# guided trip



## willfishforfood (Jan 2, 2011)

I went fishing with a guide friend on The Cowlitz River here in Washington. Fishing was good but the catching was slow.
I got a later summer steelhead around 10lbs that was a little colored but cut good. Meat was still pink.


----------



## nathanielrthomas (Jan 3, 2011)

Sweet!!! I couldnt imagine 200hp with a tiller


----------



## fender66 (Jan 4, 2011)

nathanielrthomas said:


> Sweet!!! I couldnt imagine 200hp with a tiller



I was thinking the same thing. That has to wear you out fast!


----------



## Codeman (Jan 4, 2011)

Actually looks kind of small to be a 200 to me.
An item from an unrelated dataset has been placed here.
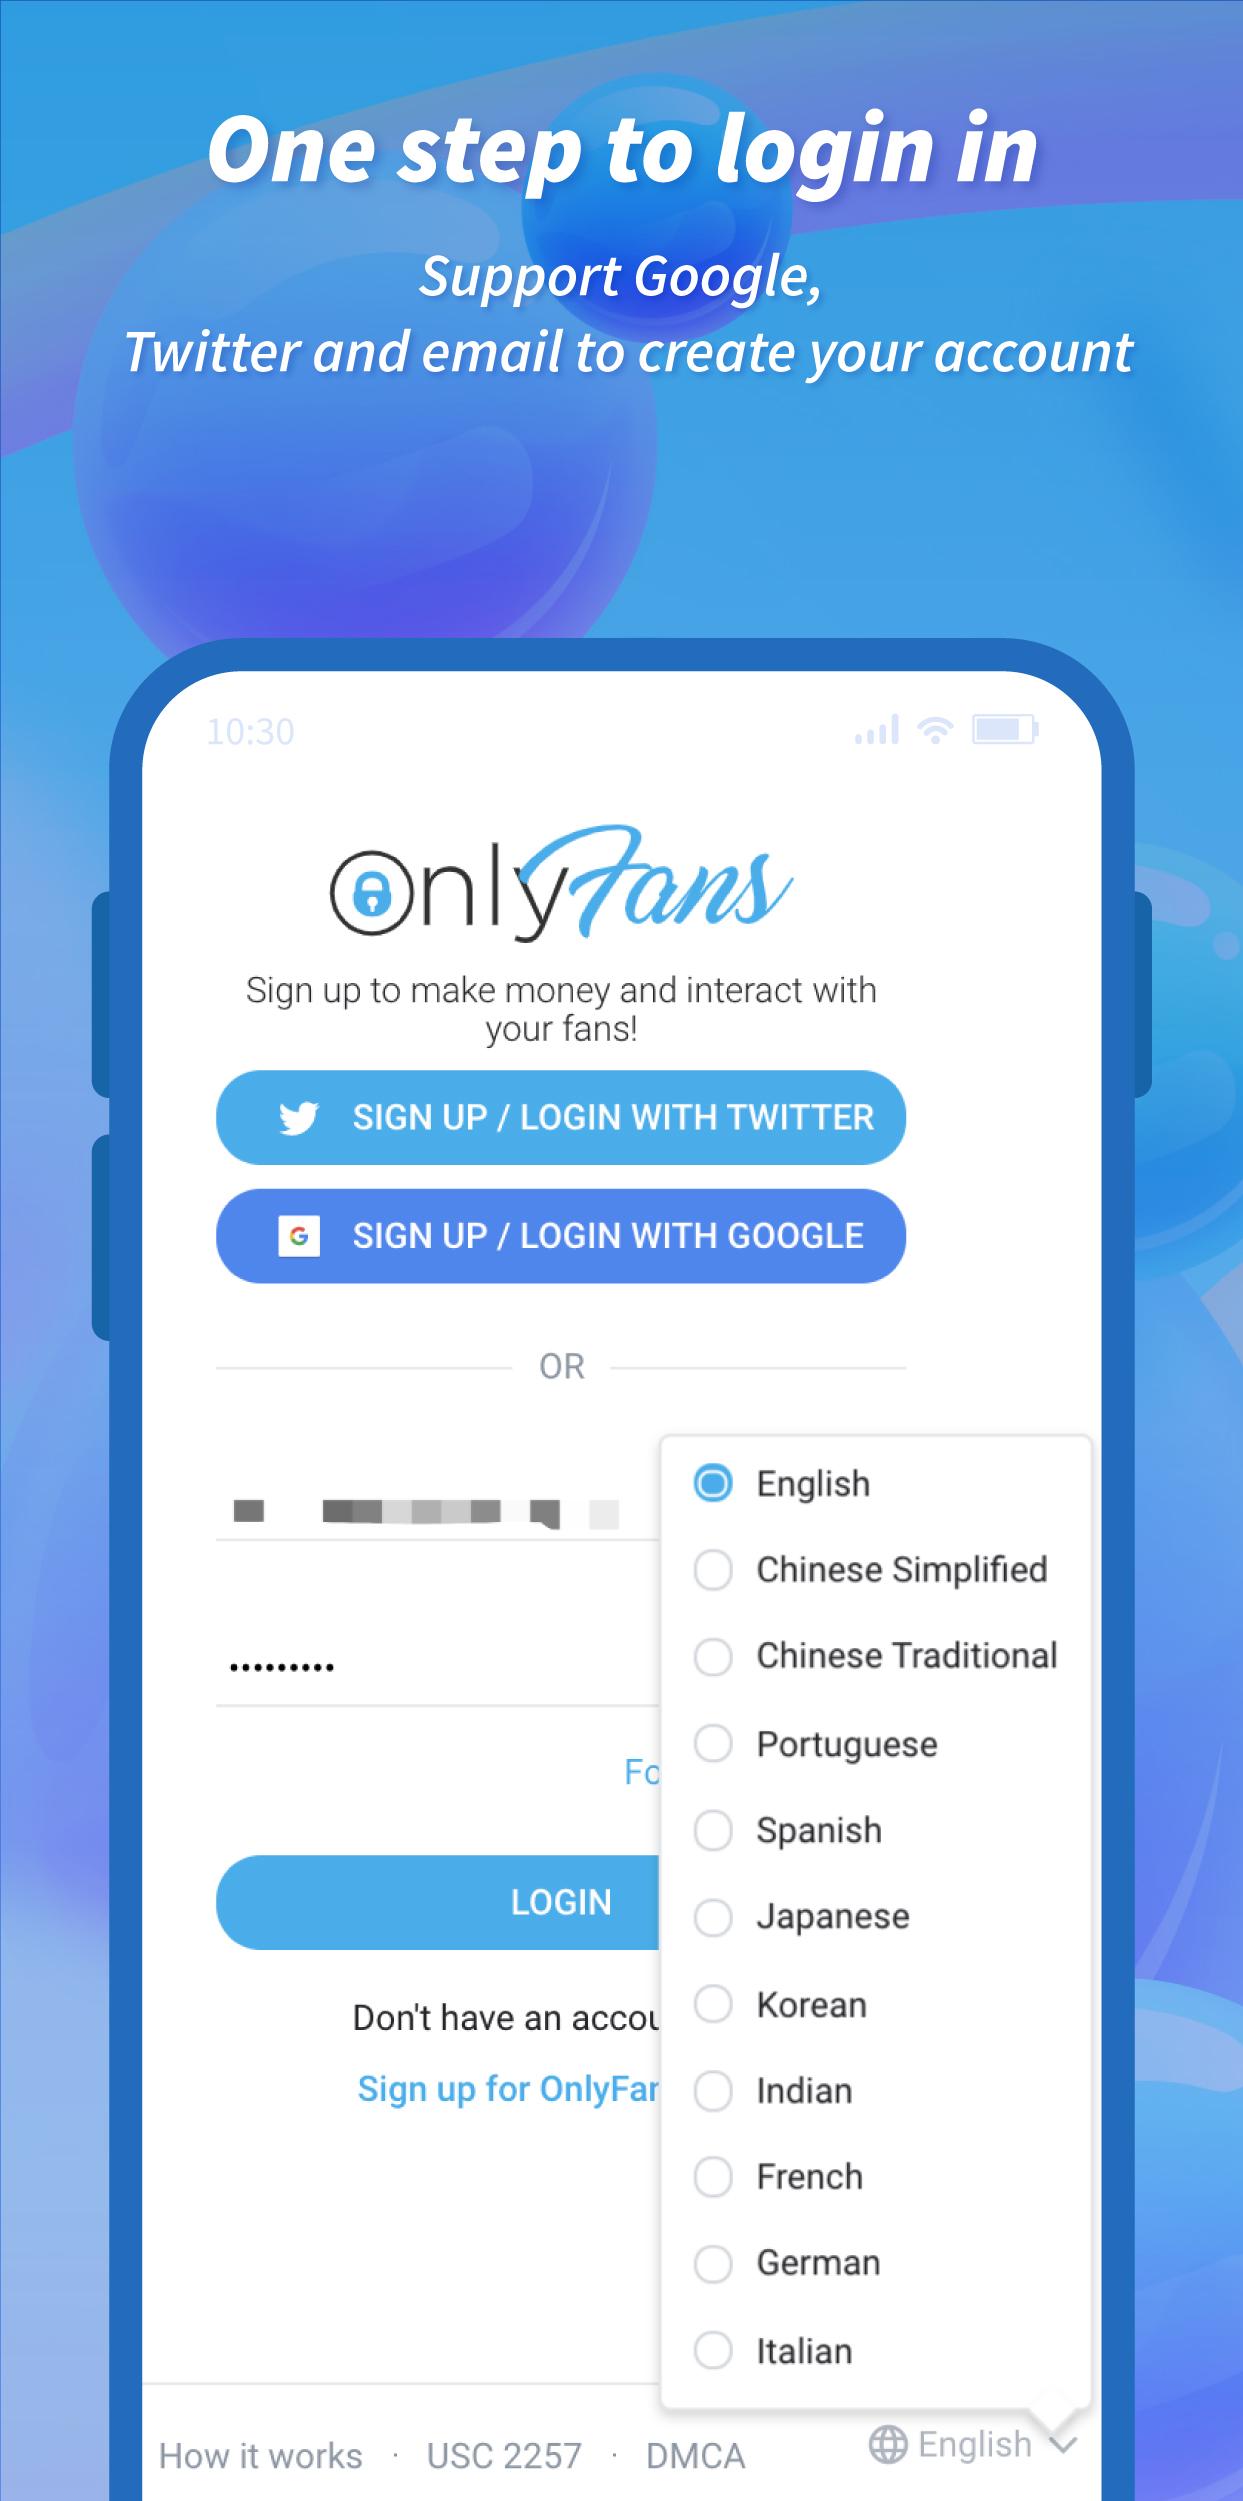 Onlyfans video downloader android
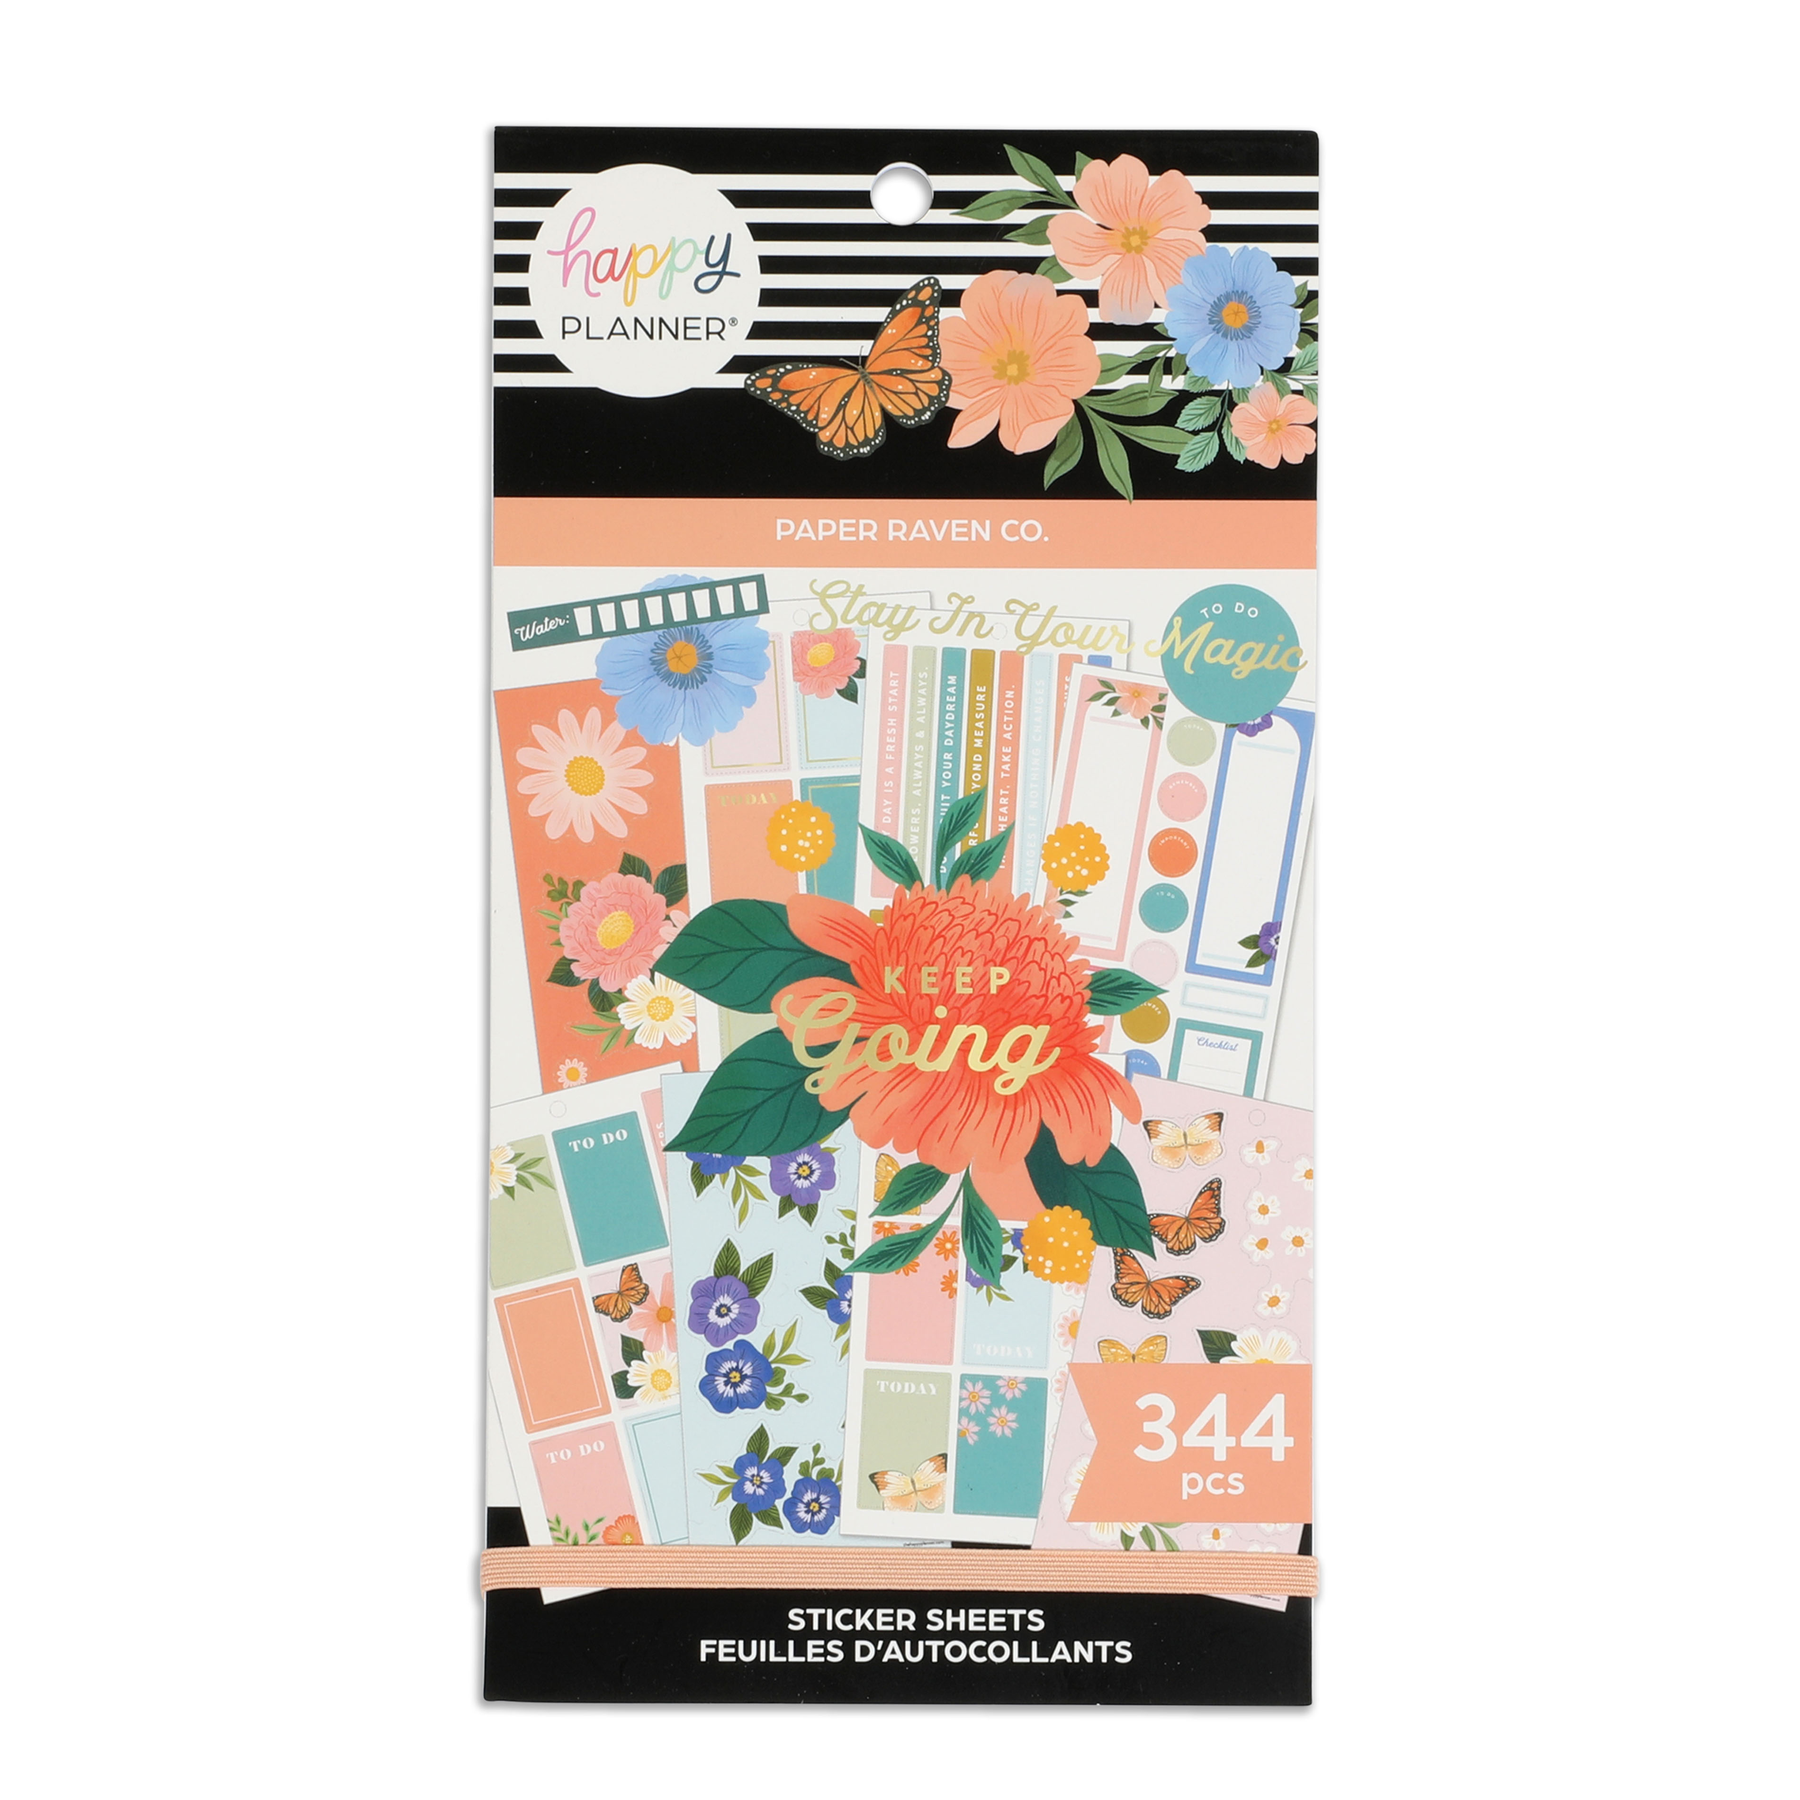 Dear Lizzy Stay Colorful Paper Pack 3

Little bit of decal fun?


----------



## willfishforfood (Jan 6, 2011)

It's a 200 and have a friend that has a 300 tiller. they handle fine and they are all over the western rivers. The guide boats are big and heavy and take a lot jet to get them
on plane with 4 to 6 fisherman.


----------



## BaitCaster (Jan 7, 2011)

I like that drift boat in the background of tha last pic. Buddy of mine is currently restoring an old wooden drift boat. Can't wait to get out in it.


----------



## Codeman (Jan 7, 2011)

willfishforfood said:


> It's a 200 and have a friend that has a 300 tiller. they handle fine and they are all over the western rivers. The guide boats are big and heavy and take a lot jet to get them
> on plane with 4 to 6 fisherman.



I'd love to have something in the 90-100 range for my boat, and the way it is set up I'd have to use a tiller. Be cool with me.


----------